Abstract

There is little knowledge around the world about training and certification for general thoracic surgeons, and the relationship between thoracic surgery and cardiac surgery. Examination of the membership of European Association for Cardio-Thoracic Surgery (EACTS) and European Society of Thoracic Surgeons (ESTS) can clarify the training, practice and academic activity of European thoracic surgeons, as well as the similarities and differences between these two professional societies. A 38-item survey was designed to assess training, practice, demographics and relationships of general thoracic and cardiac surgeons in EACTS and ESTS. A total of 447 respondents were tabulated from the EACTS (N=238) and ESTS (N=141) or both (N=68). As many as 33% of ESTS members were also members of EACTS, while 22% of EACTS members were members of both societies. ESTS members were younger but had similar numbers of female members (6% EACTS vs 9% ESTS).
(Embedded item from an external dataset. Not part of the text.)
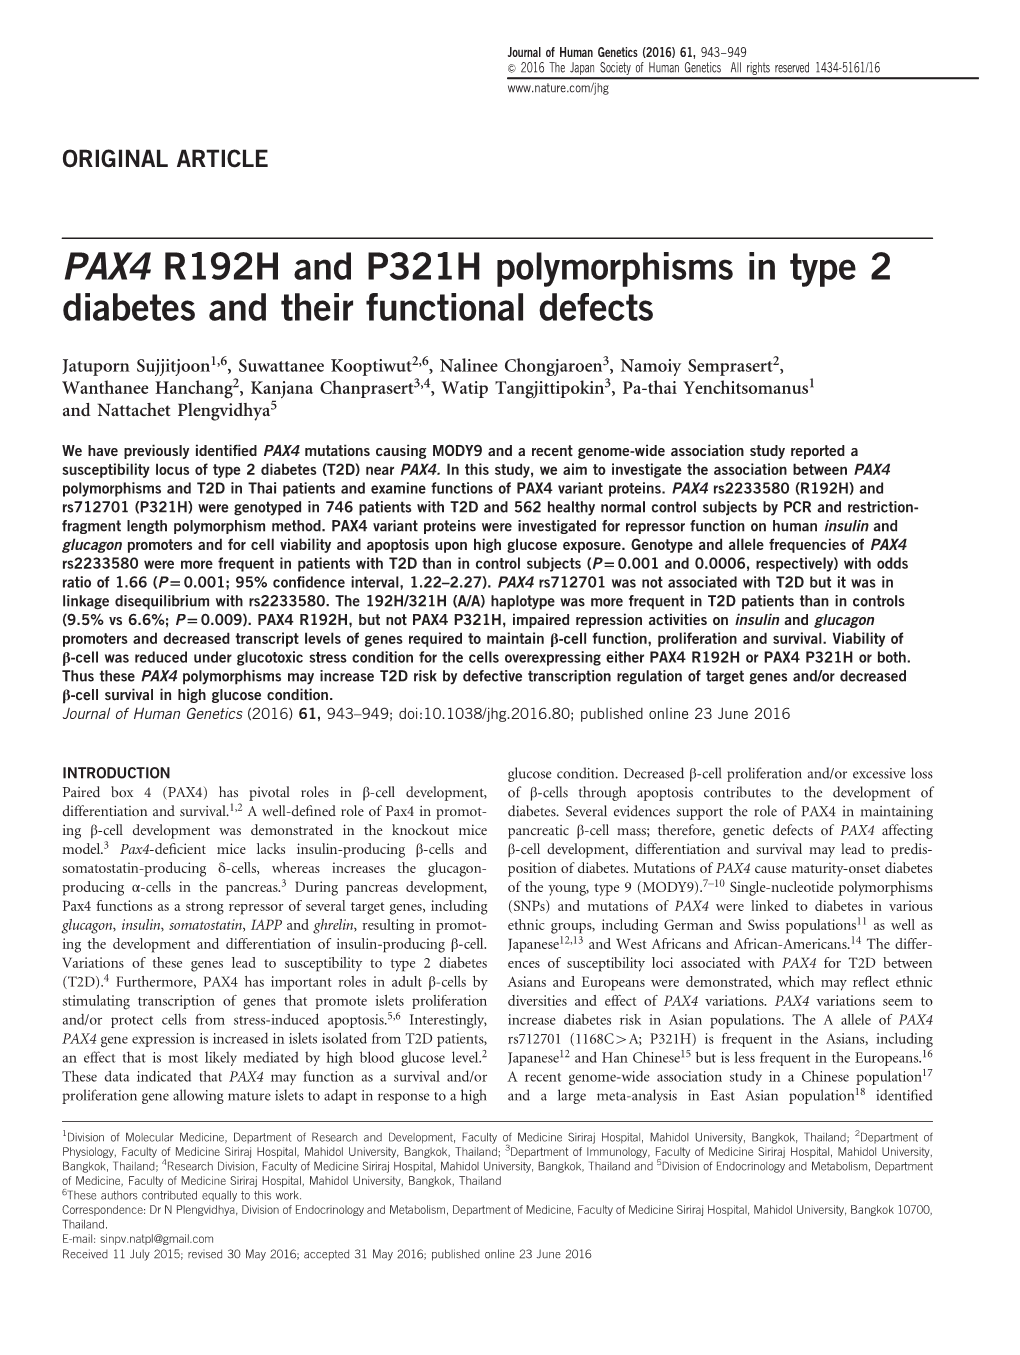 PAX4 R192H and P321H Polymorphisms in Type 2 Diabetes and Their Functional Defects

ESTS members self-designated as exclusive general thoracic surgeons (80%) compared with 33% of EACTS members (p<0.001), although 38% of EACTS members had practice patterns consistent with a dominant general thoracic practice. ESTS members are board certified in cardiac (29%) or thoracic surgery (83%) compared with 72% and 71% for EACTS members, respectively. ESTS members were more likely to perform oesophageal surgery as a significant portion of their practice (46% vs 26%, respectively, p<0.001). Median length of specialised cardiac and thoracic training was 4 years for both society memberships, although the median length of total surgical training was 1 year longer for EACTS members (6 vs 7 years). Practice in an academic setting and the number of peer-reviewed manuscripts was similar amongst memberships in both societies. Members of EACTS and ESTS are very similar in length of training, board certification and academic practice and activity, although they have expected practice variation, given the different membership focus and demographics. Both societies provide important education and advocacy services for their members. Increased co-operation may further propagate improvements in cardiothoracic education and improve patient access and outcomes through shared specialty advocacy.